Lab 2
H-R Diagram

The purpose of this lab assignment is to teach you how the H-R diagram was made, and to learn what it tells us. You will be making two H-R diagrams and comparing them.

Contents:


Grading and Policies

Due Date: Thursday May 13, at the start of class

If you are late to class, you may still hand in your project, immediately after you walk in the door.

Grading:

This lab will be graded out of 10 points, broken down as follows:

H-R diagram for nearby stars 2 points
H-R diagram for bright stars 2 points
Bar graph of number vs magnitude for nearby stars 1.5 points
Bar graph of number vs magnitude for bright stars 1.5 points
Answers to 3 follow-up questions 1 point each

Late Policy:

Late Policy is the same as for Lab 1. You may hand in your lab up to two weeks after the due date.

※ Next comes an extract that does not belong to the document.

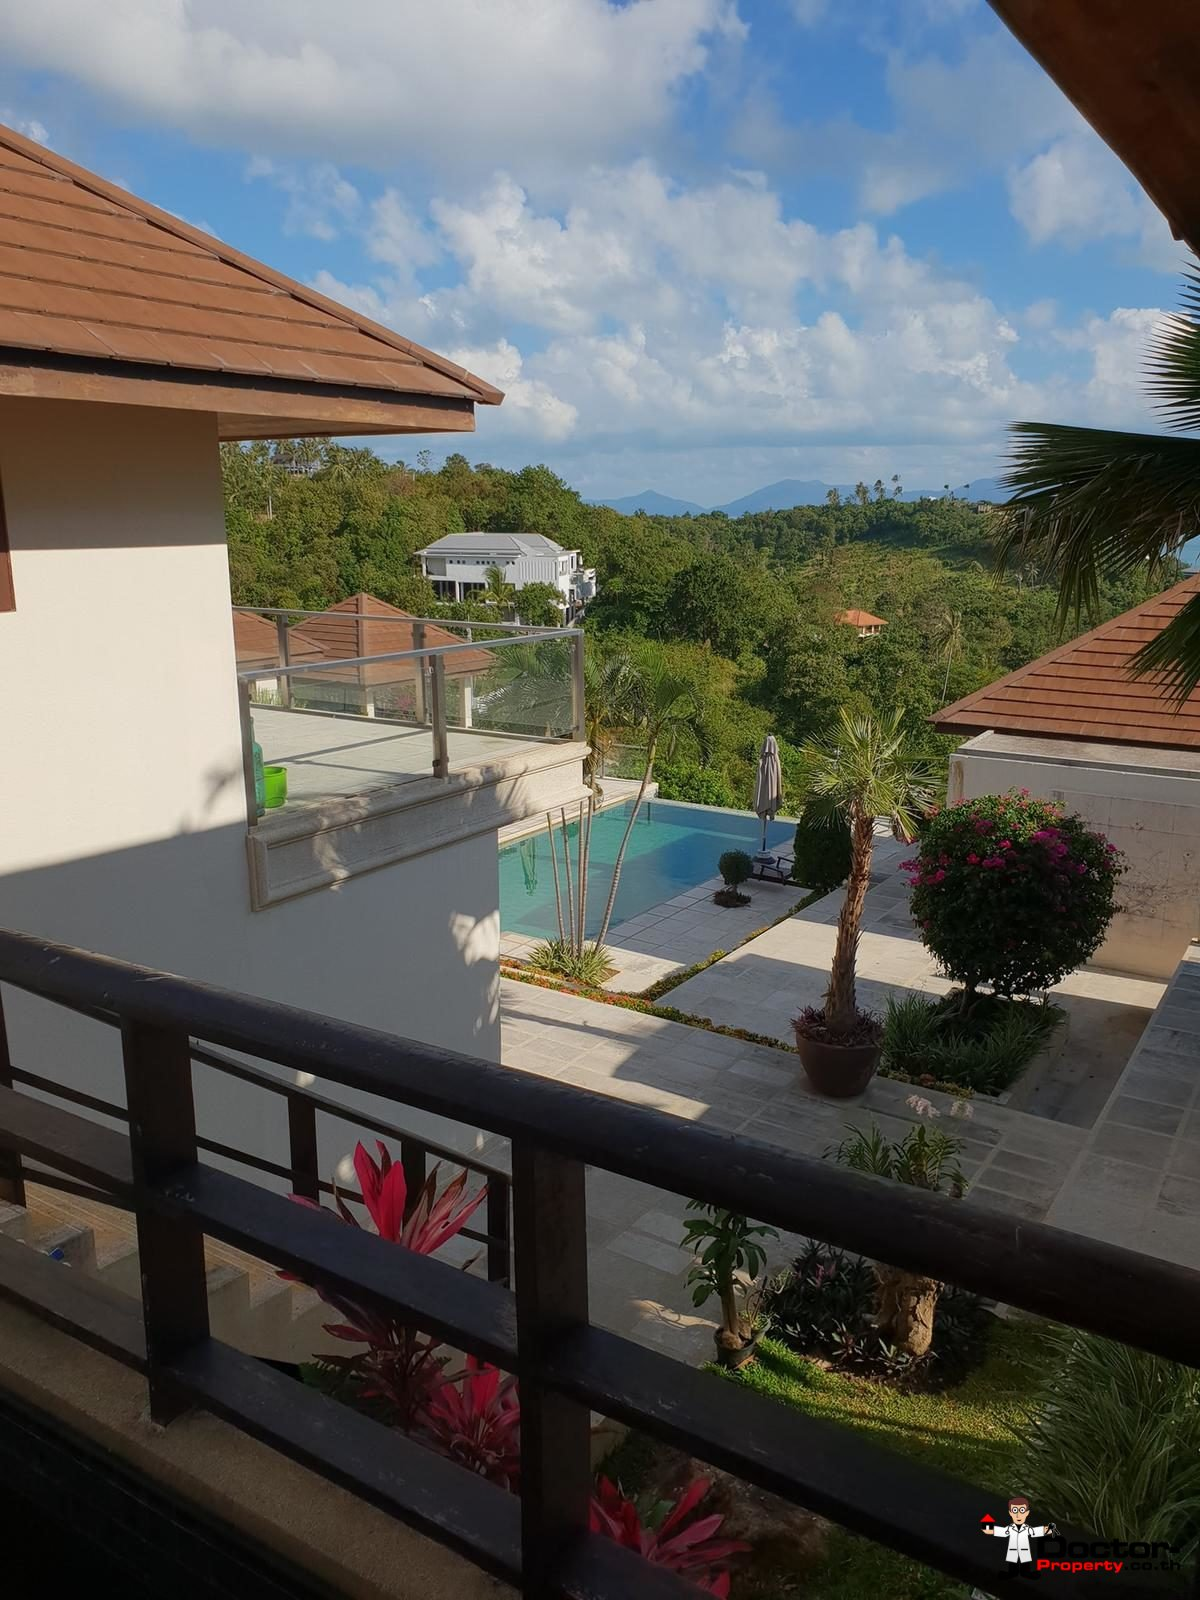 6 Bedroom Villa with Sea View - Bophut - Koh Samui - for sale 9

However, points will be deducted according to the following schedule:

Tuesday May 18 - Thursday May 20 2 points
Thursday May 20 - Tuesday May 25 4 points
Tuesday May 25 - Thursday May 27 6 points
Thursday May 27 - Tuesday June 1 8 points

There isn't a class meeting on June 1. You may turn in your lab until the end of Linda's section (4:30 PM) on June 1. The deadline on each day other than June 1 is 2 PM, or immediately after you come into the classroom. The rules about handing in labs at the beginning of class and valid excuses for late labs are the same as for Lab 1.


Instructions

Making an H-R Diagram

You will be making two H-R diagrams for this lab. First, make one for the nearby stars list.

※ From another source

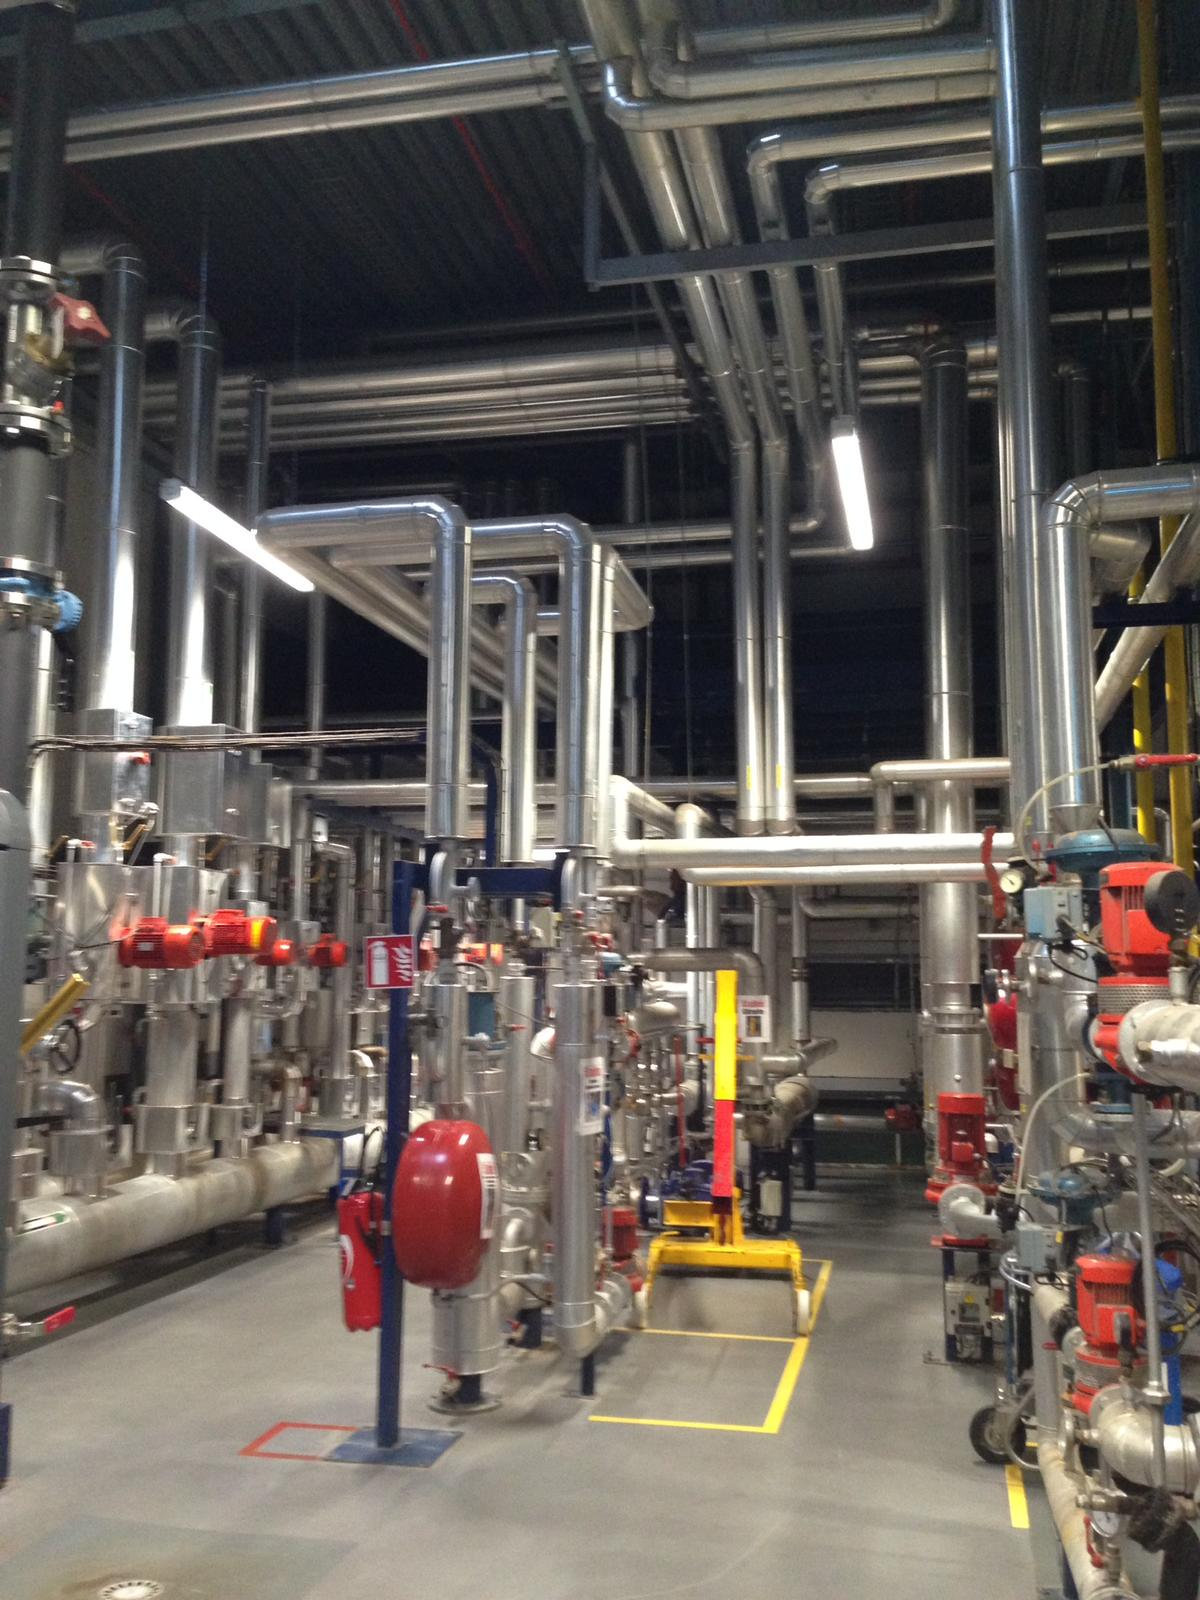 Chauffage industriel : Pourquoi un chauffage industriel ?

  1. Print the blank H-R diagram.
  2. Print the magnitude bins diagram.
  3. Using the temperature and luminosity or spectral class and magnitude(M(V)), plot the position of each star on the H-R diagram.
  4. Make a bar graph showing the number of stars in each magnitude bin on the magnitude bins diagram.
Now do the same thing for the bright stars list, using a new blank H-R diagram and magnitude bin diagram.
See the Hints section if you're having trouble.

Turning In Your Lab

You should give us the following, with your name on each page:

You MUST turn in a hardcopy of everything. The TA's will not look at diagrams or answers to questions posted on the Web, emailed to us, or in any form except a paper copy.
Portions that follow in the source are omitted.